It's actually simpler than a semester exam, Rancid. Your whole premise and list of loaded questions is based on your assumption of a major advantage to xbow use. This is not so, according to various states harvest stats.

Here ya go again: Ar data [you got the links once cause I gave them to you]

'05-'06 132,415 total kill, verts 6.5% xbow 3.3% [8720] and [4,374]
'06-'07 165,663 " " " 6.4% " 2.7% [10,613] " [4,608]
'07-'08 169,853 " " " 7.3% " 3.4% [12,356] " [5,713]
'08-'09 184,991 " " " 7.1% " 2.8% [13,175] " [5203]


Guns got the rest. Source: ADFG. This is after over 30 yrs of full inc. For anyone. 5 month season, 3-4 deer not counting urban freebies. If there was any magic or advantage in the xbows these numbers would reflect it. Notice in no yrs did the xbow get even 1/2 the % the verts did?

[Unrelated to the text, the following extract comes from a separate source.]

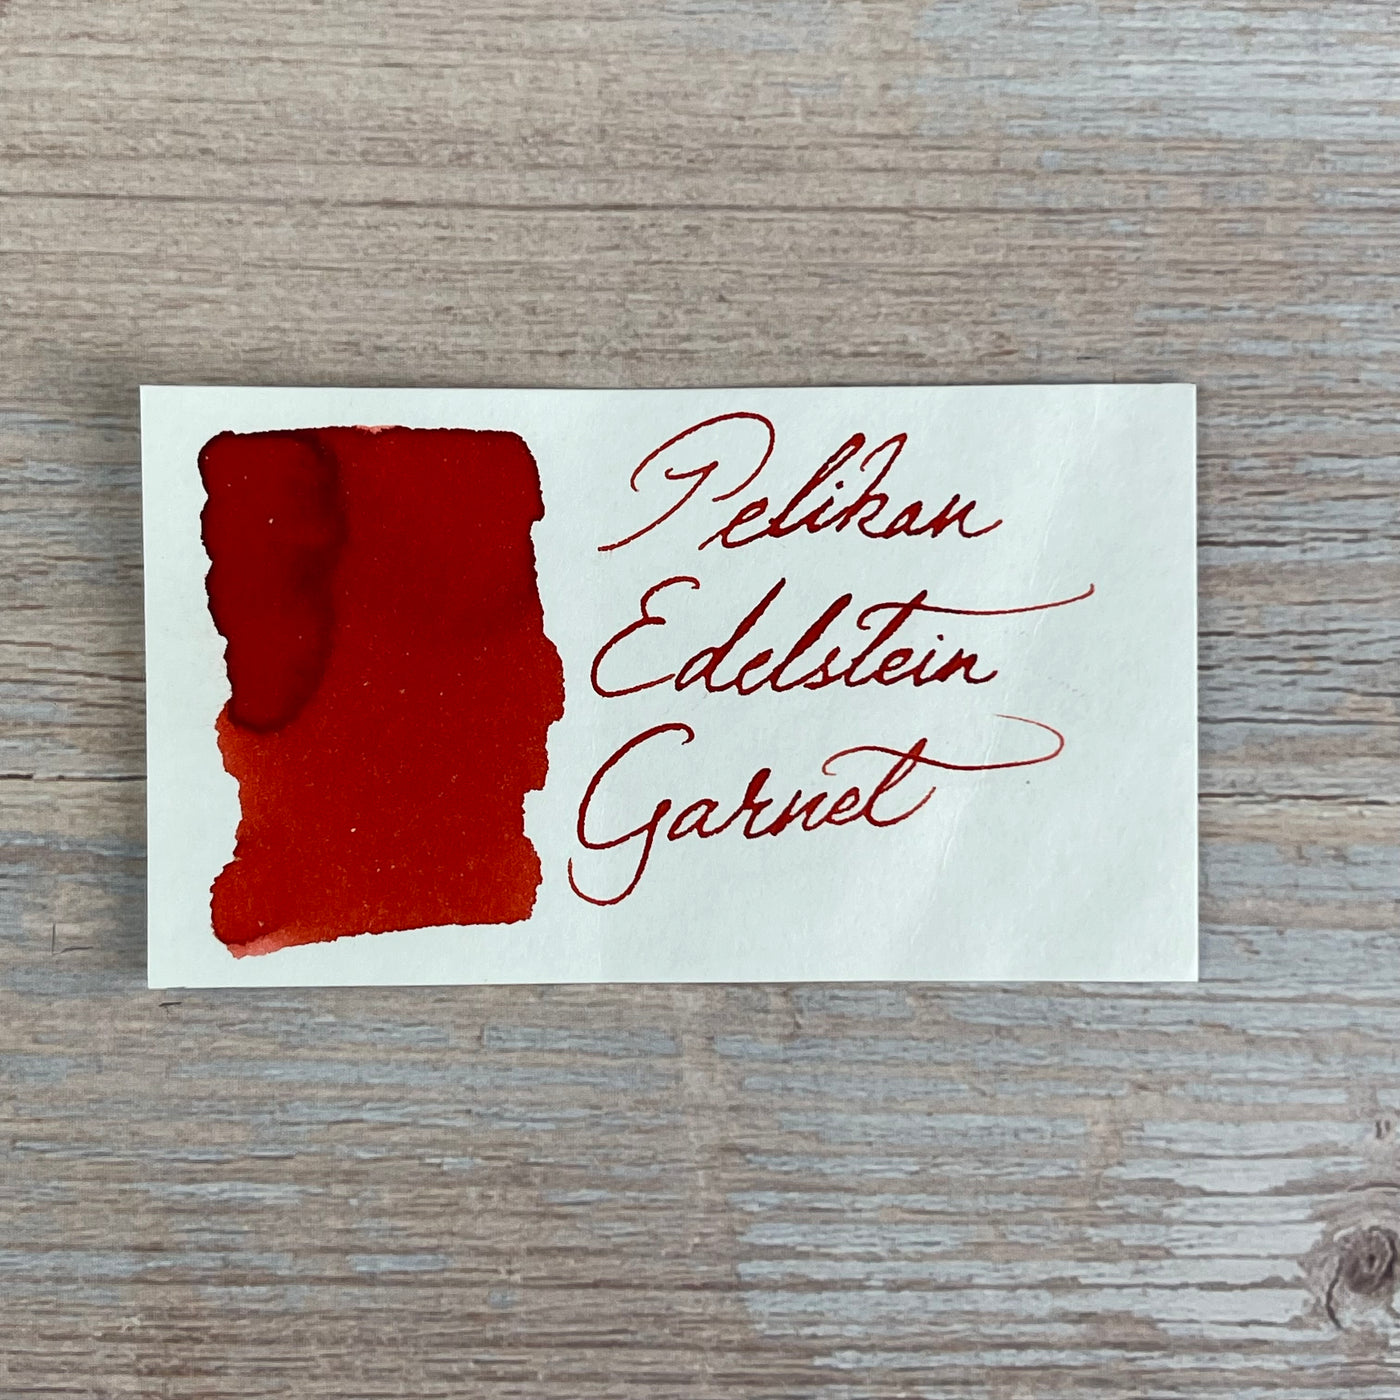 Pelikan Edelstein Garnet - 50ml Bottled Ink

Naturally, when 1st apprised of these facts, you went for the jugular wanting to know hunters hours afield. Who gives a rat's patootie on them? ADFG sure doesn't, they don't keep track, they are far too busy for mundane bs keeping our herd in great shape.

Have at!:darkbeer:


----------



## BigBirdVA

Rancid Crabtree said:


> I'll ask again. Lets see if any can provide honest answers for once or if they will dance, twist, avoid, stammer, sputter or go into hiding.
> 
> 1. WI has had an archery deer season for about 80 years. It was the first state. All that time crossbows have been illegal. What has changed about the reasons why crossbows are illegal that suddenly makes them a good idea now? Remember Bowhunter numbers are at near record highs so recruitment and retention are not a proper answer.
> 
> 2. Why is the draw lock currently illegal in WI? If you wanted a bow held at full draw to eliminate human powered (important) aspect of taking game at close quarters, why would you not petition for this sort of change and keep your current bow?
> 
> 3. Who is excluded from archery, since there are no laws prohibiting crossbows from archery?
> 
> 4. Under the current statutes, who is excluded from Bowhunting in WI? (hint, the elderly and handicapped can already use a crossbow)
> 
> 5. Do you think allowing crossbows for all persons in WI will result in a further reduction in the already depleted deer herd? This is a yes or no question, not an essay question.
> 
> Now a multiple choice question.
> 
> 6. Now that much of the state's deer population is at goal in many areas and far below goal in 18 units prohibiting any antlerless harvest (all done courtesy of the current legal weapons), it clear that adding crossbows to the archery deer season would result in additional hunters and harvests. Do you think this will result in (select only from the 3 answers below)
> 
> (A.) a change to the archery tag to make it buck only like was attempted last year
> 
> (B.) Move the gun hunt up into the rut and extend it like was attempted last year.
> 
> (C.) a reduction in gun hunting tags to prevent over harvest?.
> 
> Lets see if somebody finally has it in him to at try. Thus far I have been disappointed by those that pretend to care a great deal about WI. :wink:


I guess you don't get it. Game laws change all the time. This is just another change. I do understand how people of a certain mindset don't want it but change is coming. The truth is out. When your laws are such that a person can look on their bow rack, pick any bow in their collection be it stick, compound or xbow and walk out and hunt without jumping through hoops, be any age, for any reason they want, then you'll have no exclusions. Until then it's not going to stop. Hope that clears up any confusion on your part.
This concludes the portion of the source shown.